# [EXERCISE GOAL]
Give the listing again exactly, skipping any pictures it holds.
[[ SOURCE DATA, beginning ]]
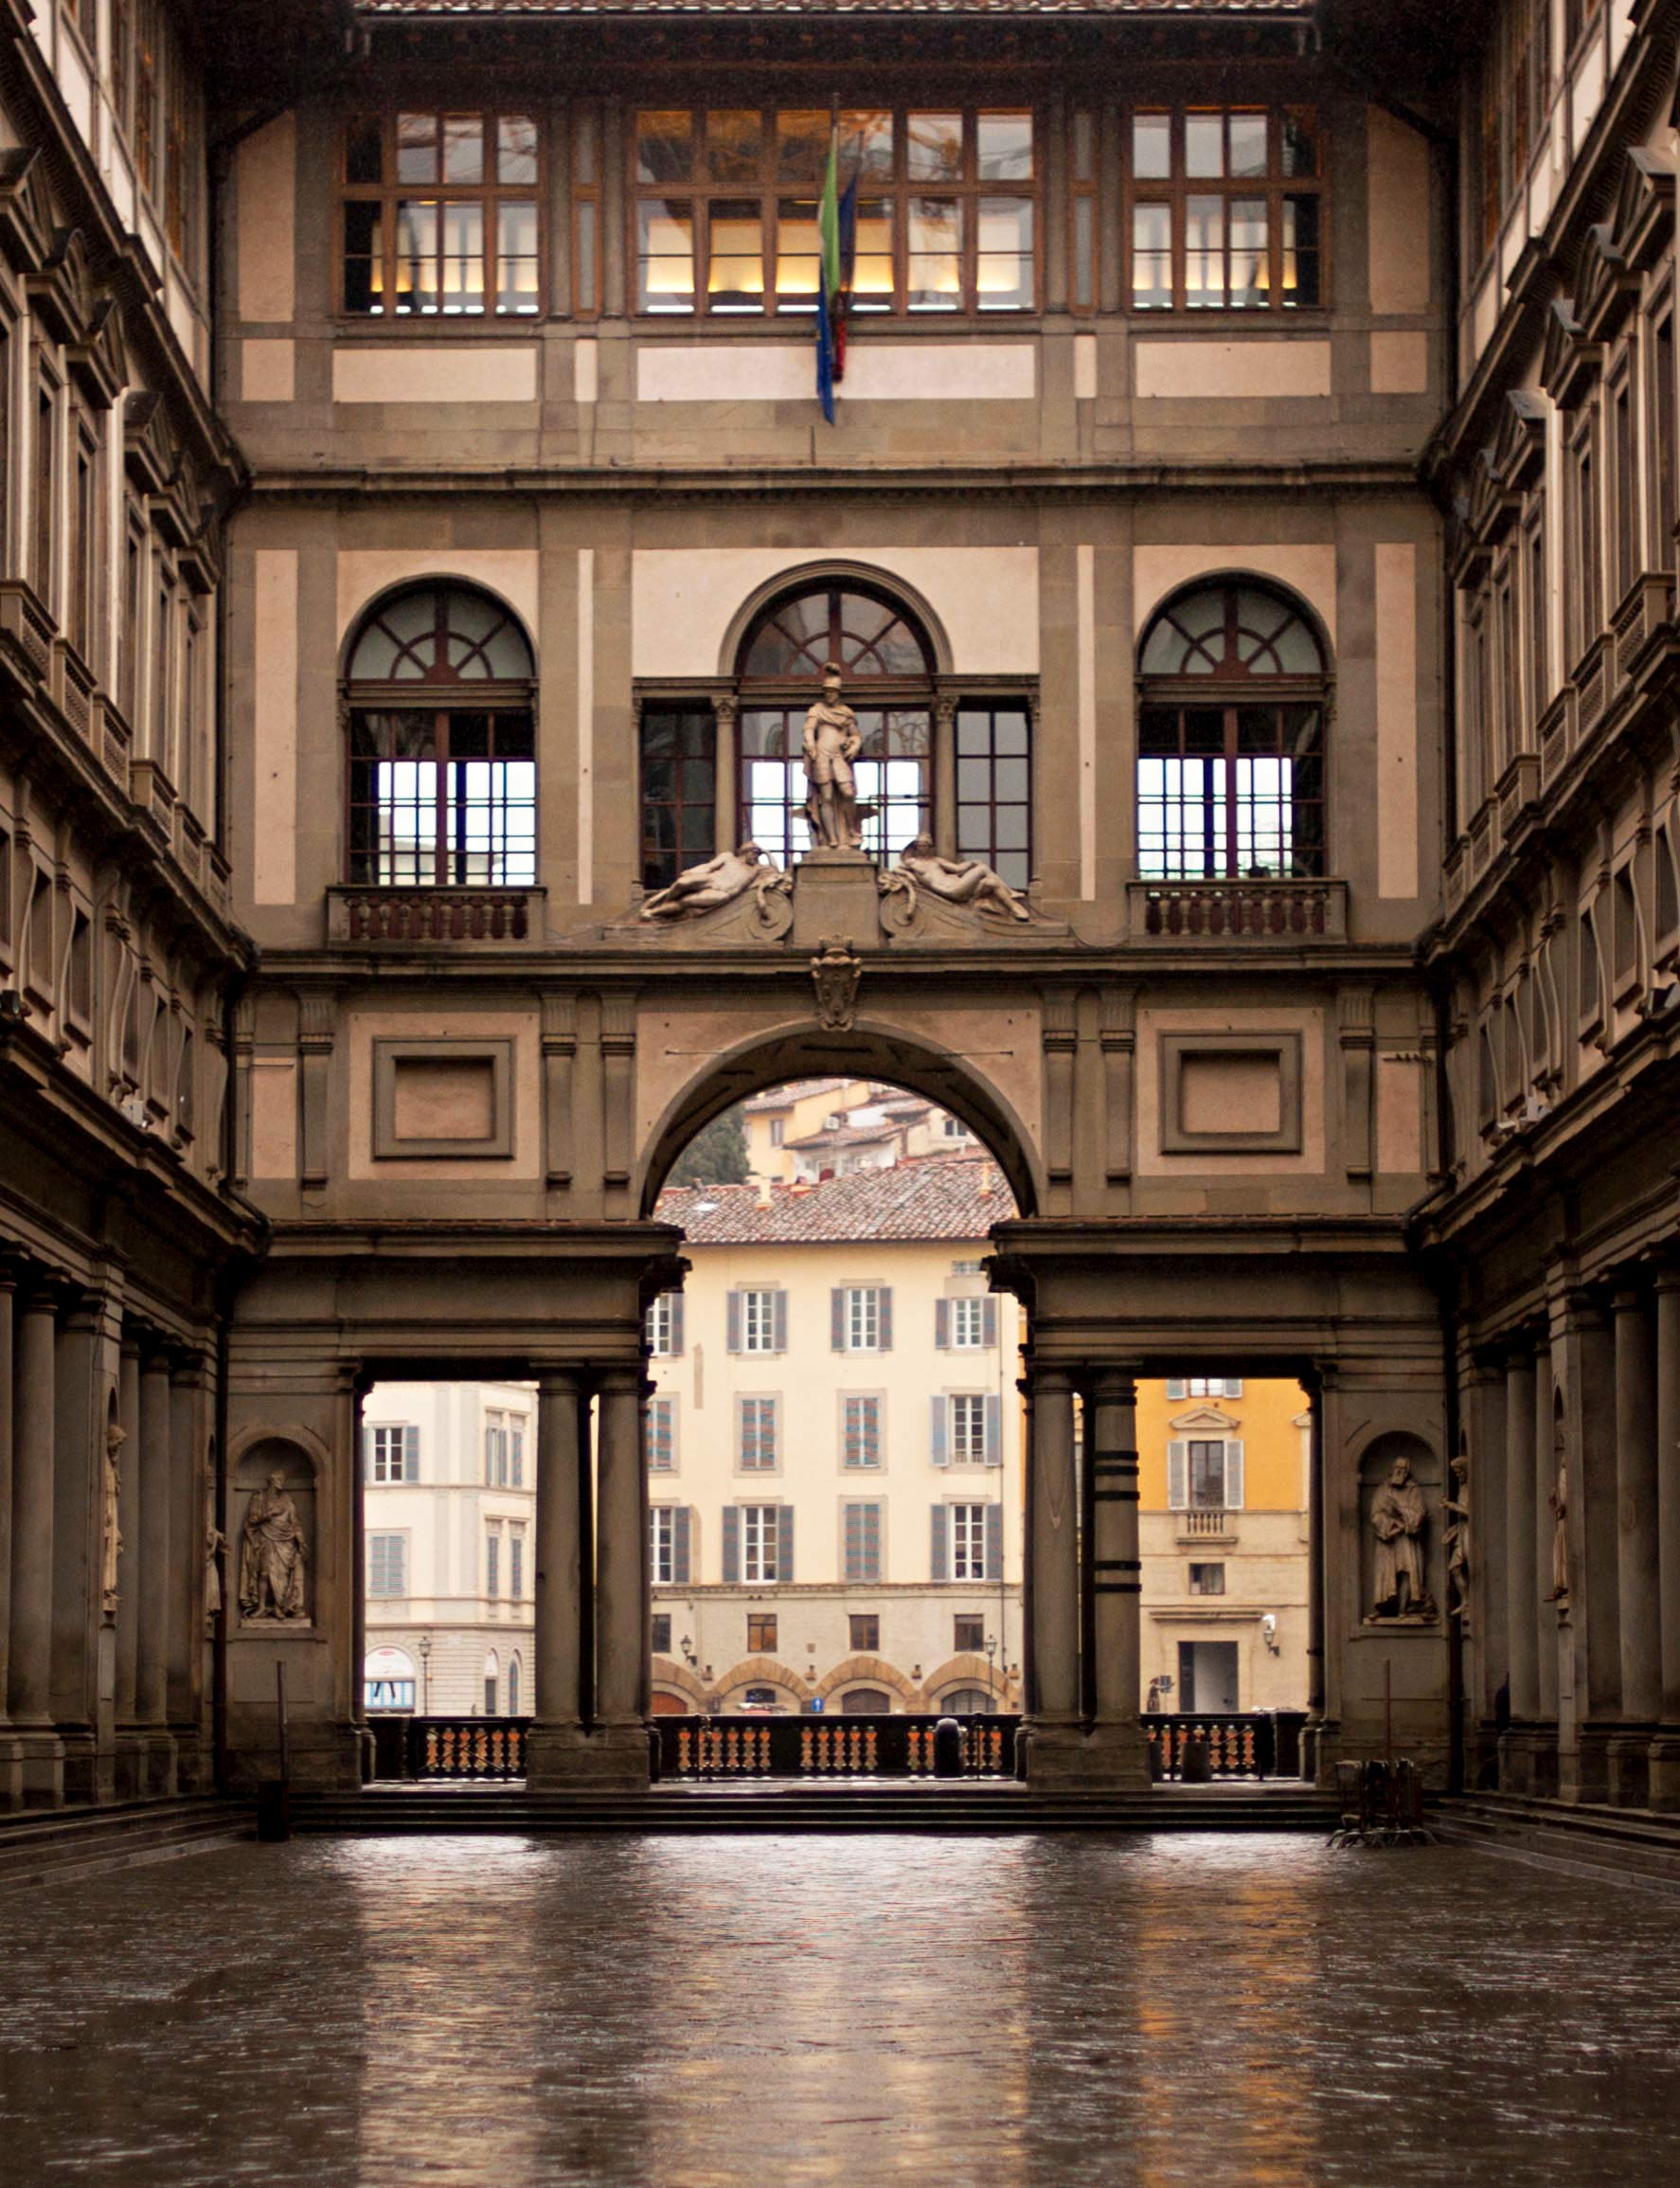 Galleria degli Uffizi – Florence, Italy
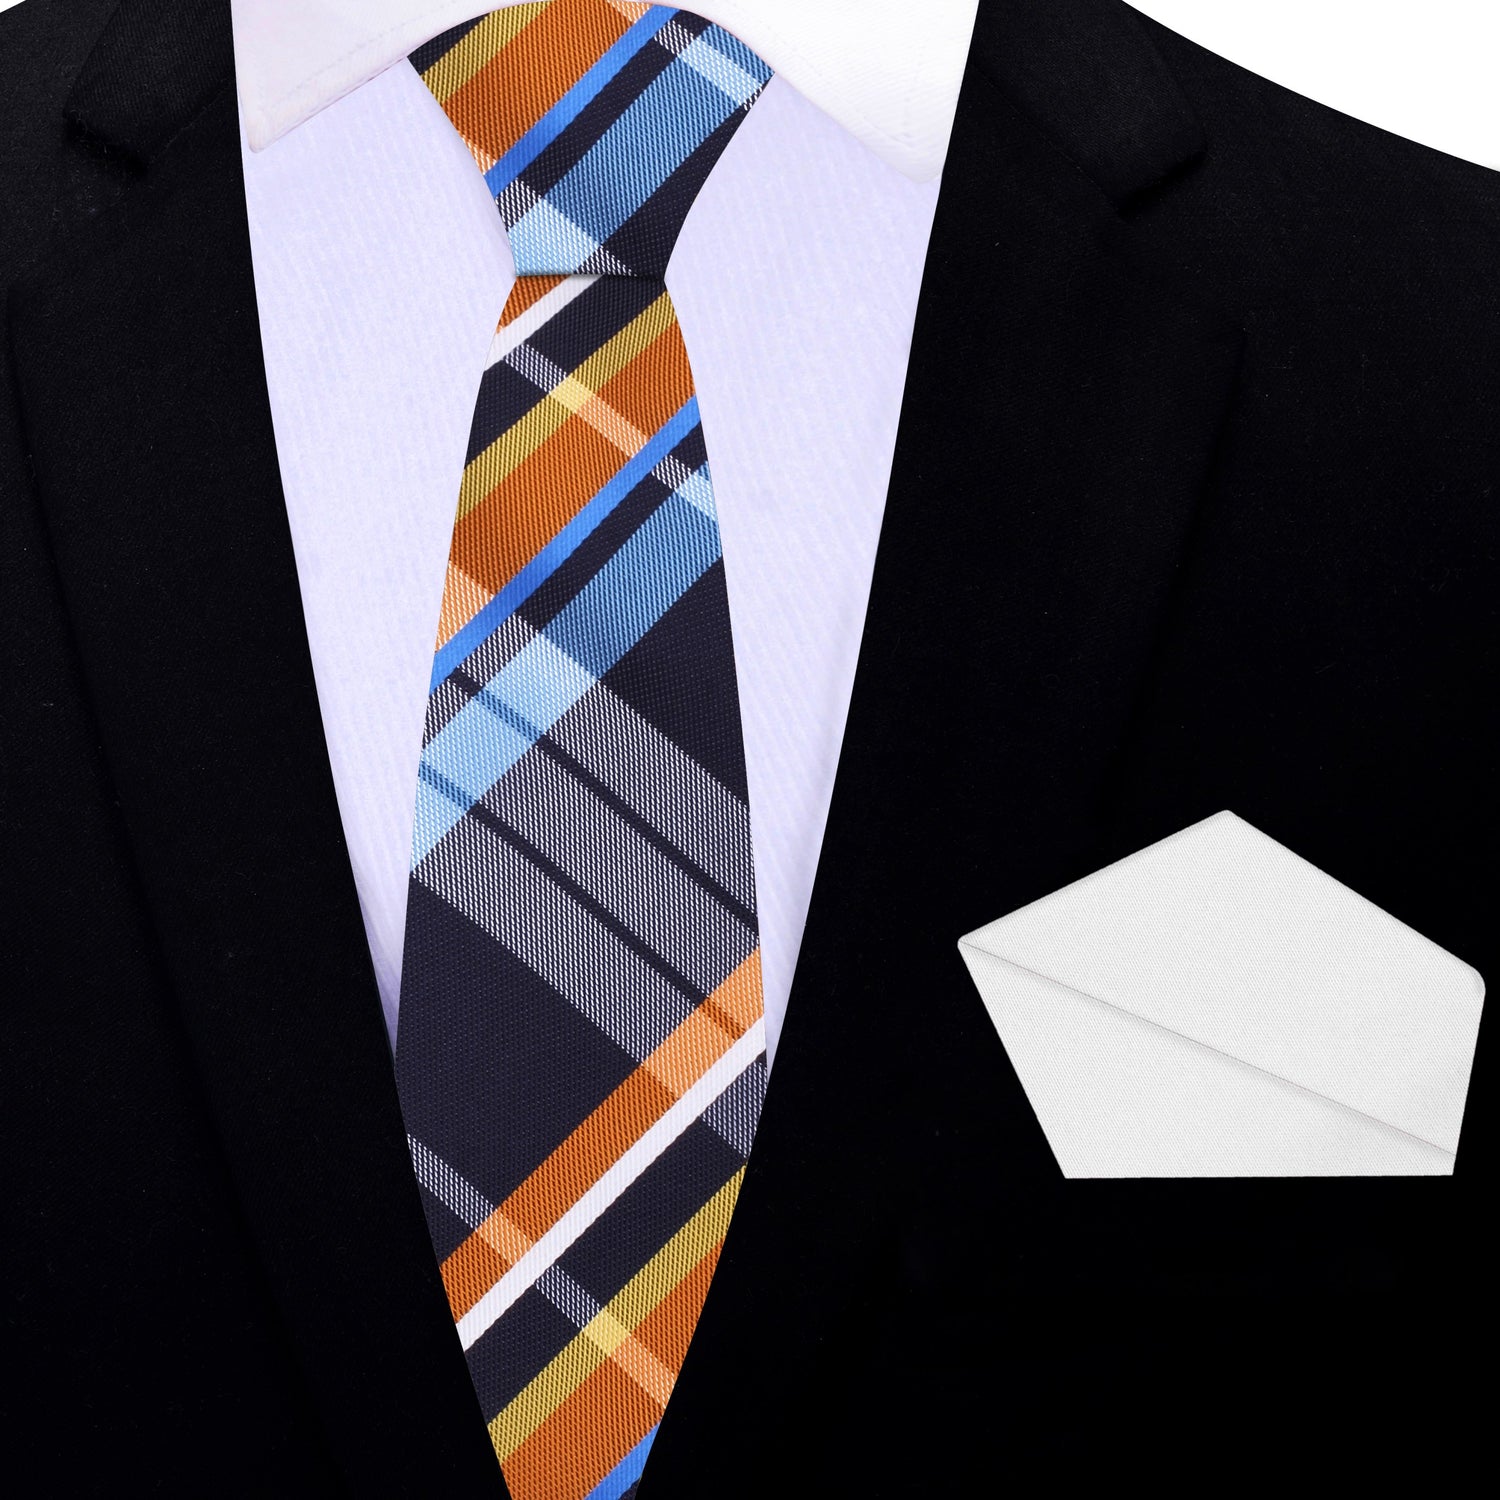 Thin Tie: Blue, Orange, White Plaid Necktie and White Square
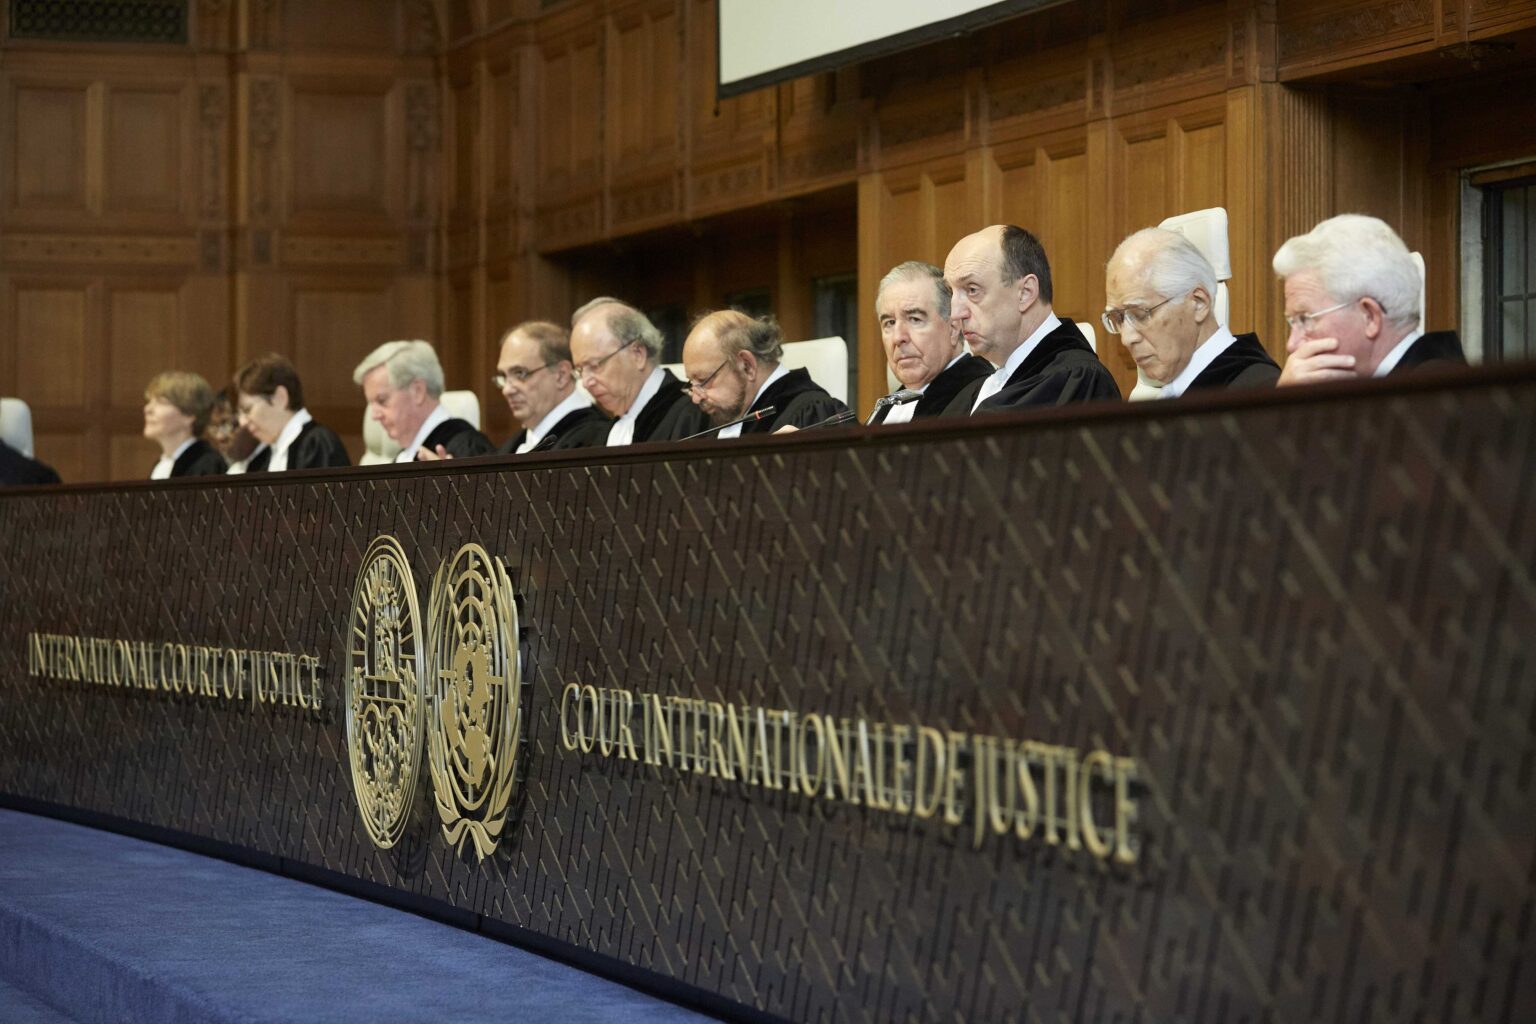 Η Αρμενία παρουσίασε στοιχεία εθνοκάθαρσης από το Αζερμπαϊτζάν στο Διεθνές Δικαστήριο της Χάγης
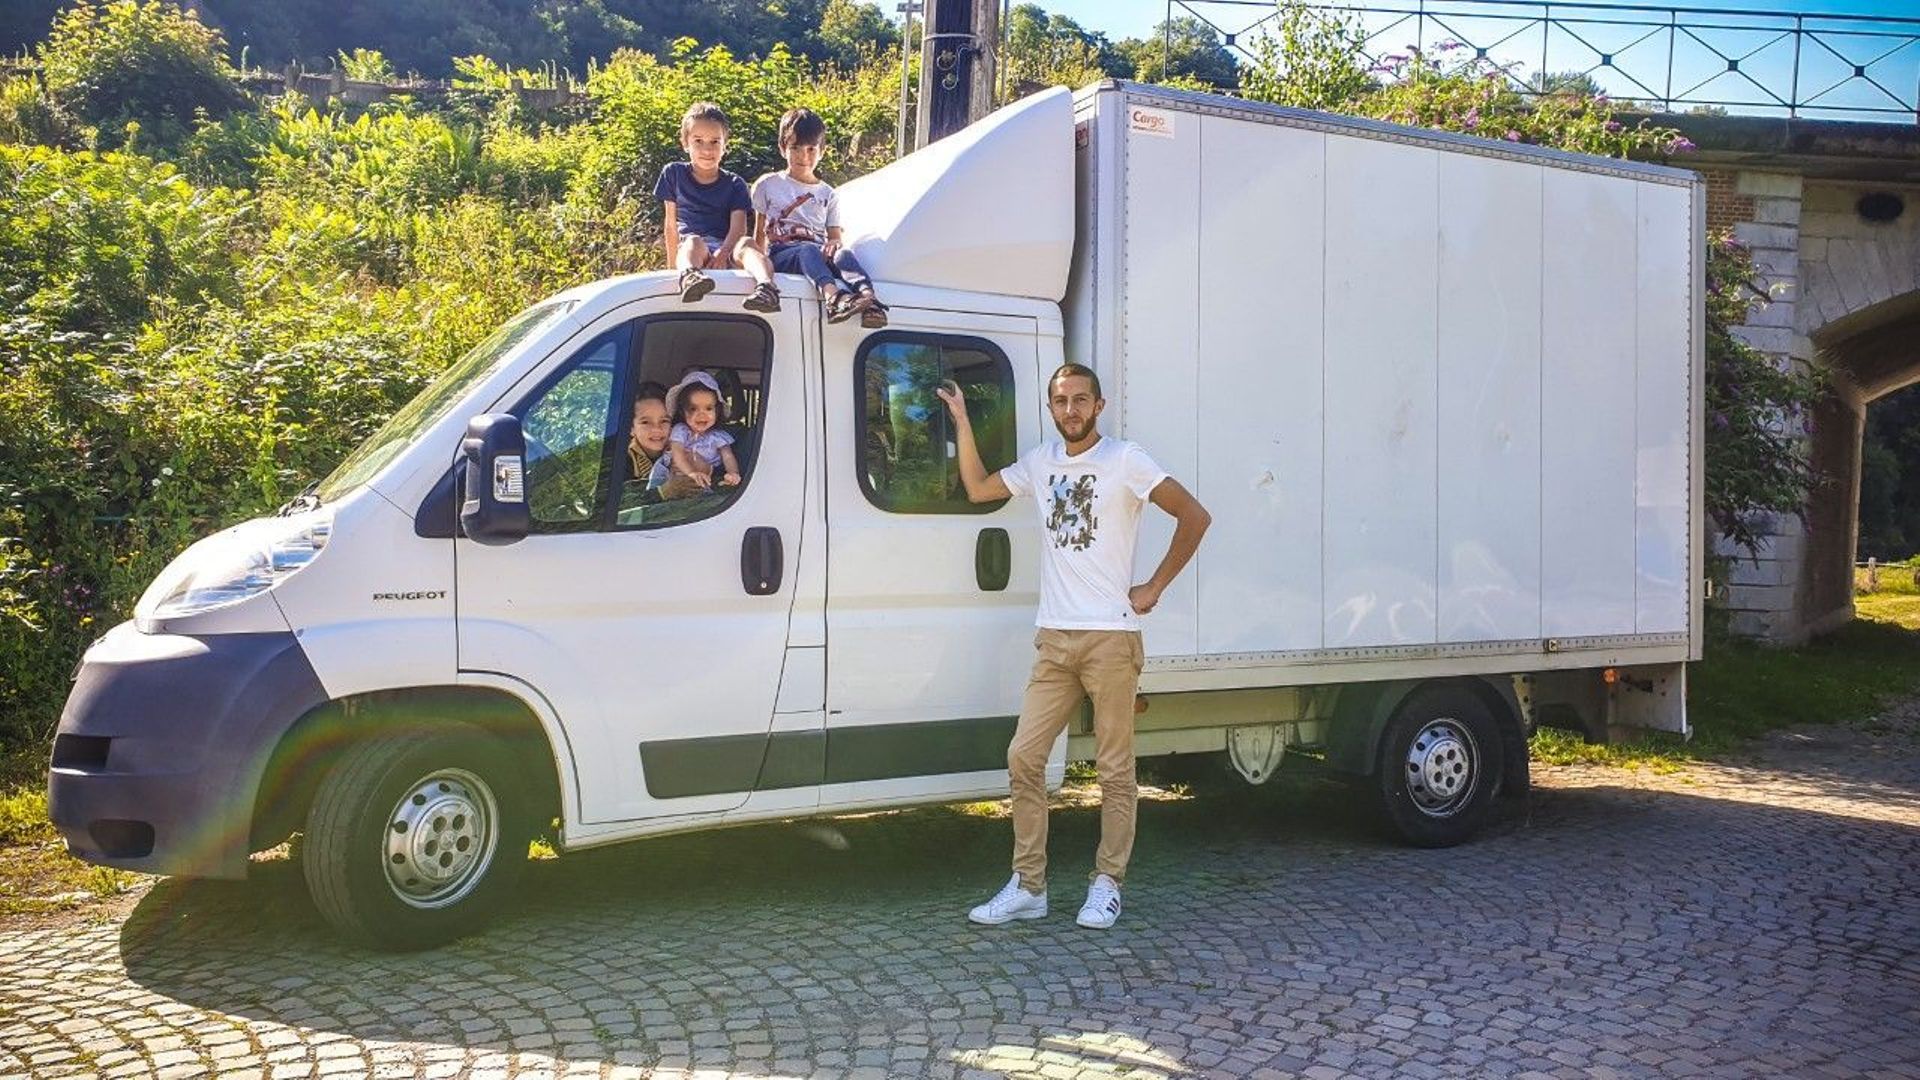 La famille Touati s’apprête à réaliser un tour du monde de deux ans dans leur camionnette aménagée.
[[ SOURCE DATA, end ]]
# [SOLUTION TO THE PROBLEM]
 Galleria degli Uffizi – Florence, Italy
 Thin Tie: Blue, Orange, White Plaid Necktie and White Square
 Η Αρμενία παρουσίασε στοιχεία εθνοκάθαρσης από το Αζερμπαϊτζάν στο Διεθνές Δικαστήριο της Χάγης
 La famille Touati s’apprête à réaliser un tour du monde de deux ans dans leur camionnette aménagée.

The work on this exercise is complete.